PROBLEM DETAILS
In the listing that follows, give every line again exactly and omit the pictures.

DATA SHOWN
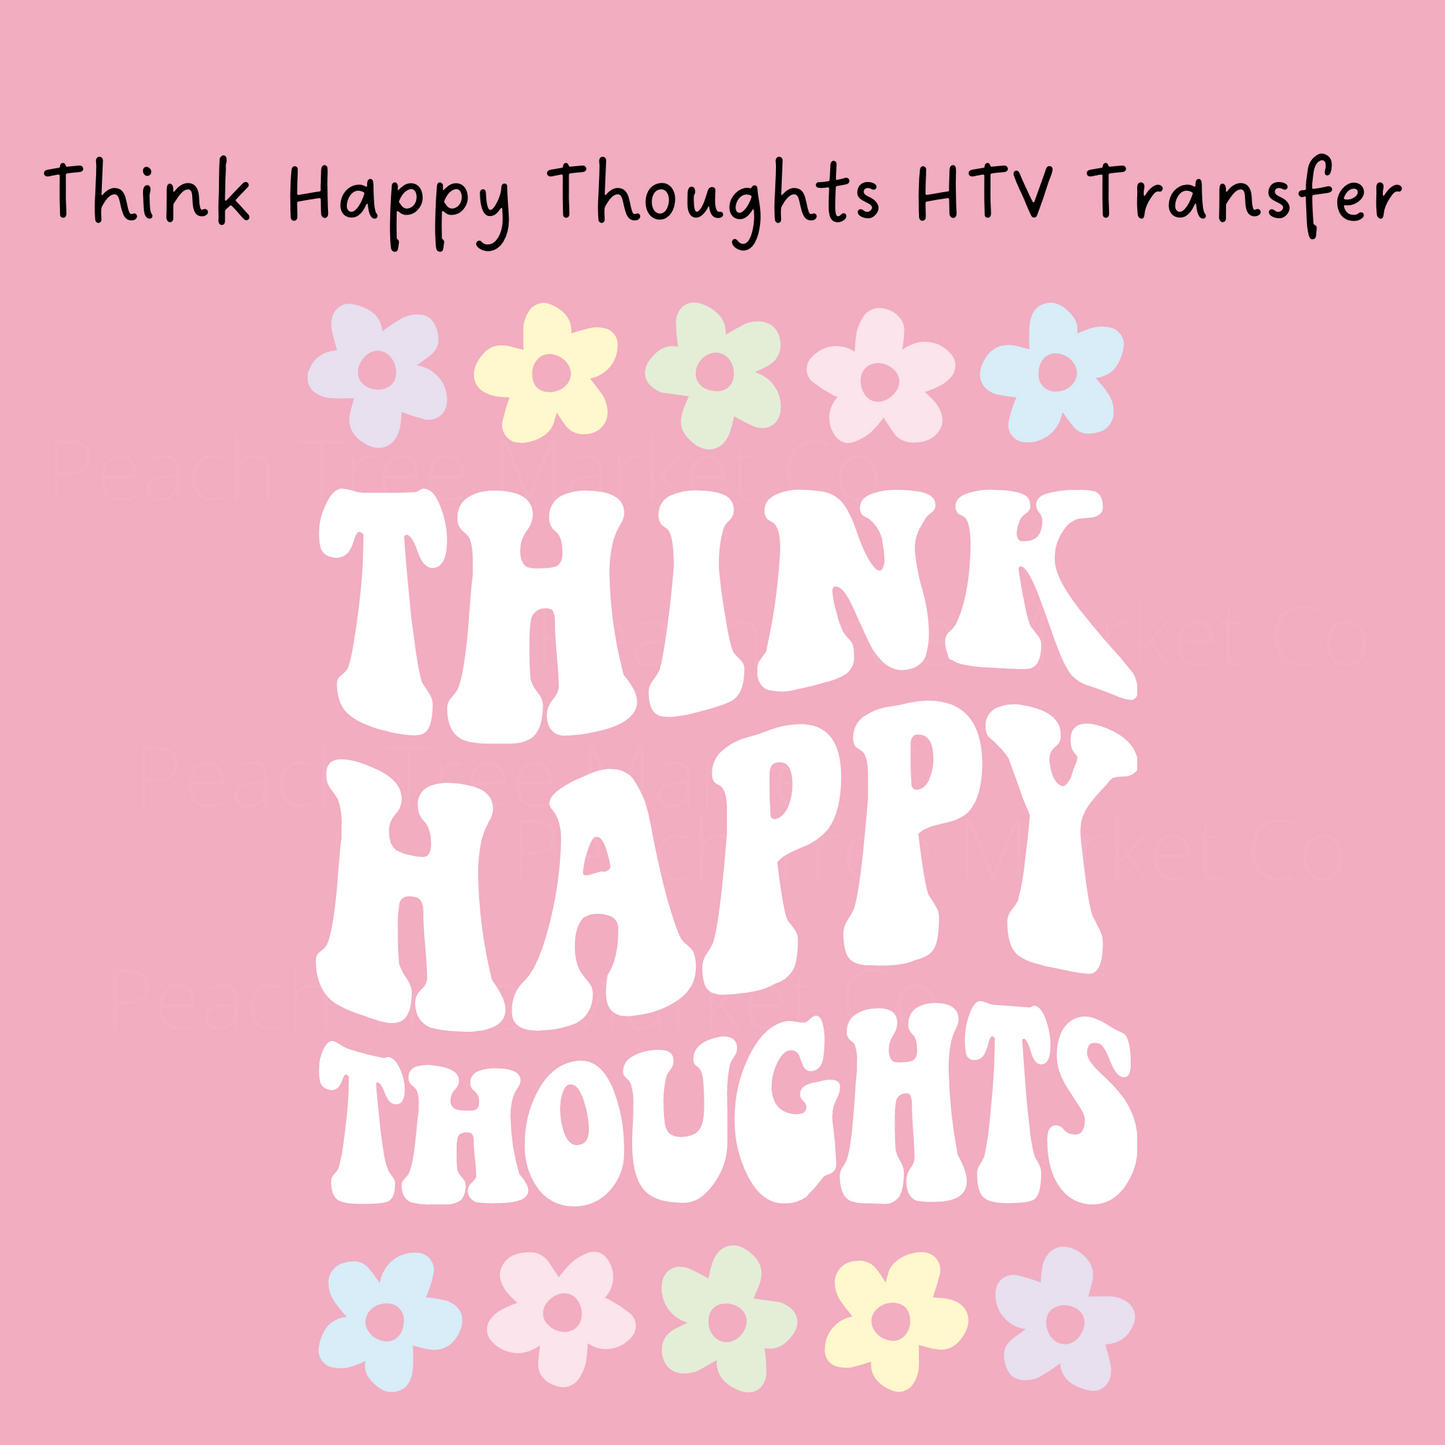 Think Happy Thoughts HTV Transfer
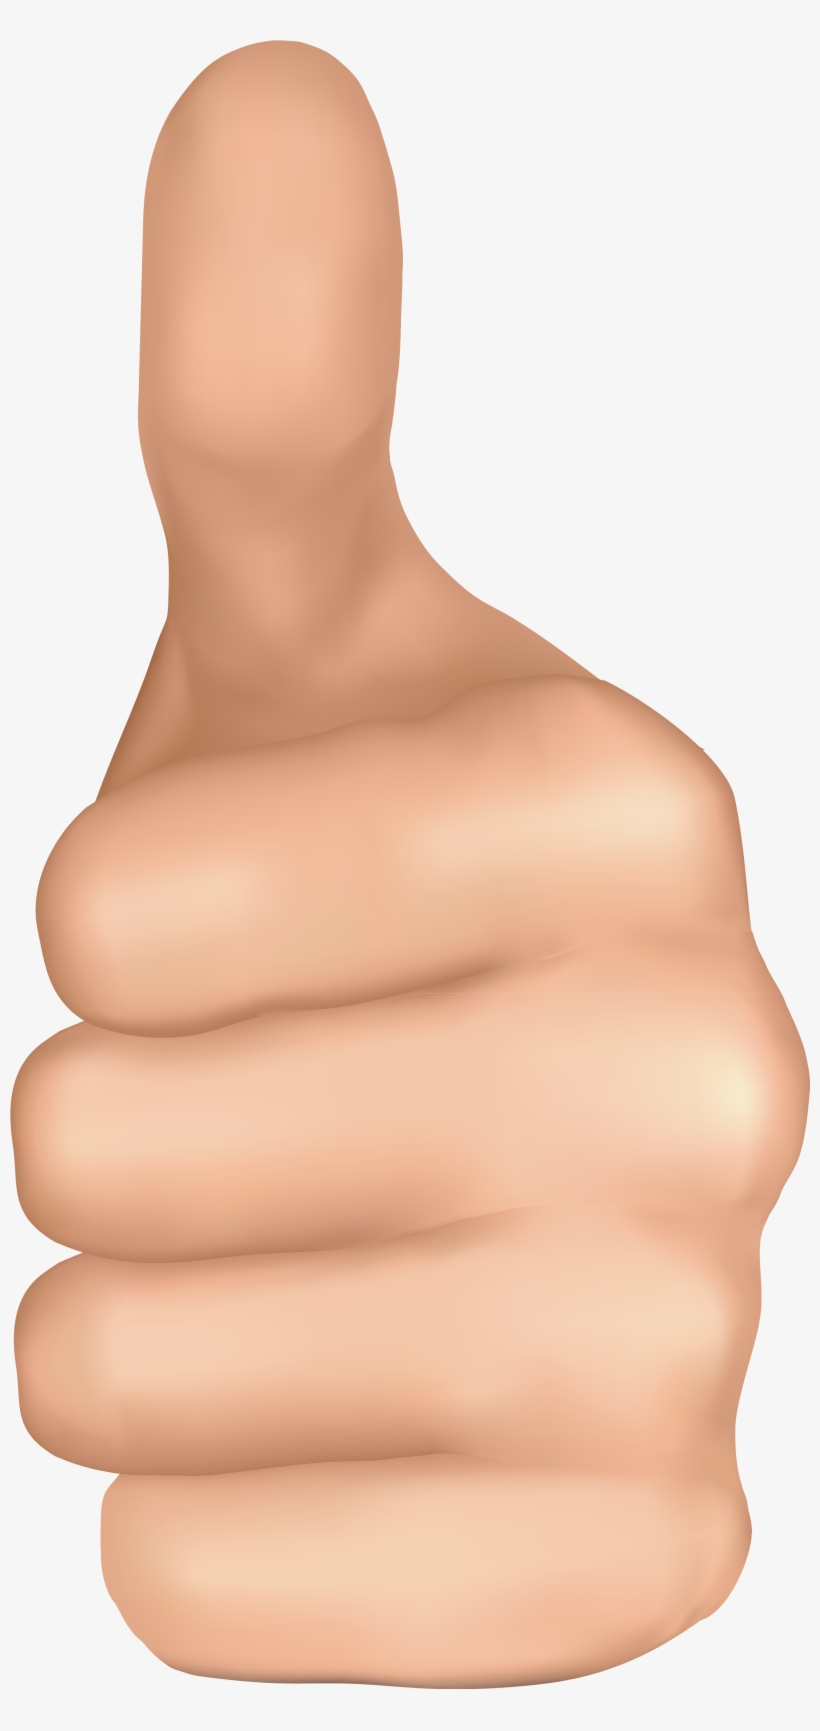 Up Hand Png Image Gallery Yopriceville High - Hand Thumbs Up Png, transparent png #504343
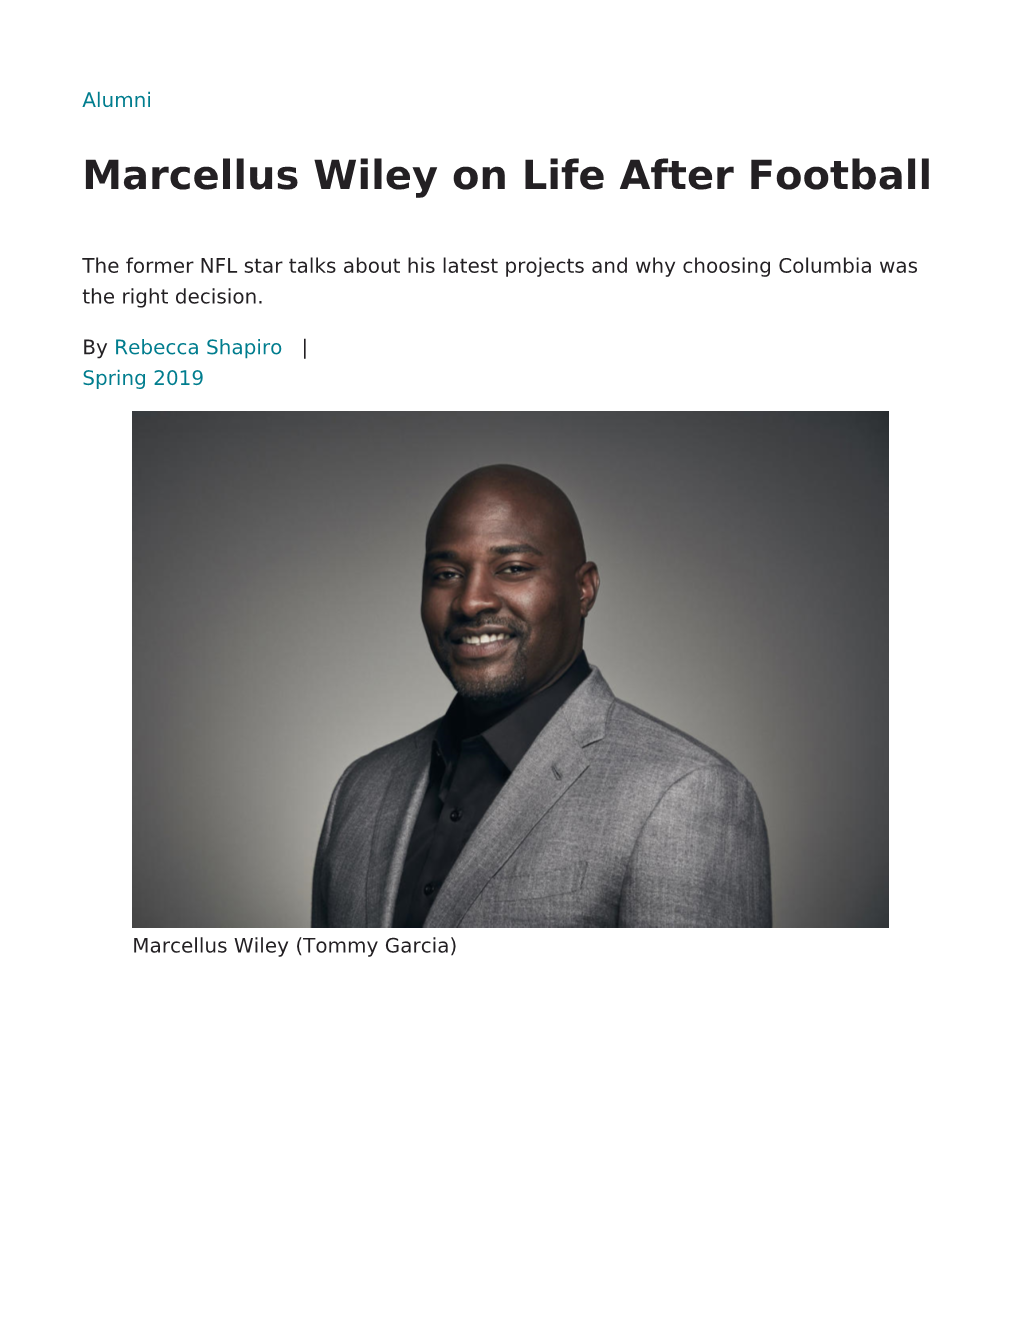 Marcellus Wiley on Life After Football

ANSWER TO THIS EXERCISE
 Think Happy Thoughts HTV Transfer
 Up Hand Png Image Gallery Yopriceville High - Hand Thumbs Up Png, transparent png #504343
 Marcellus Wiley on Life After Football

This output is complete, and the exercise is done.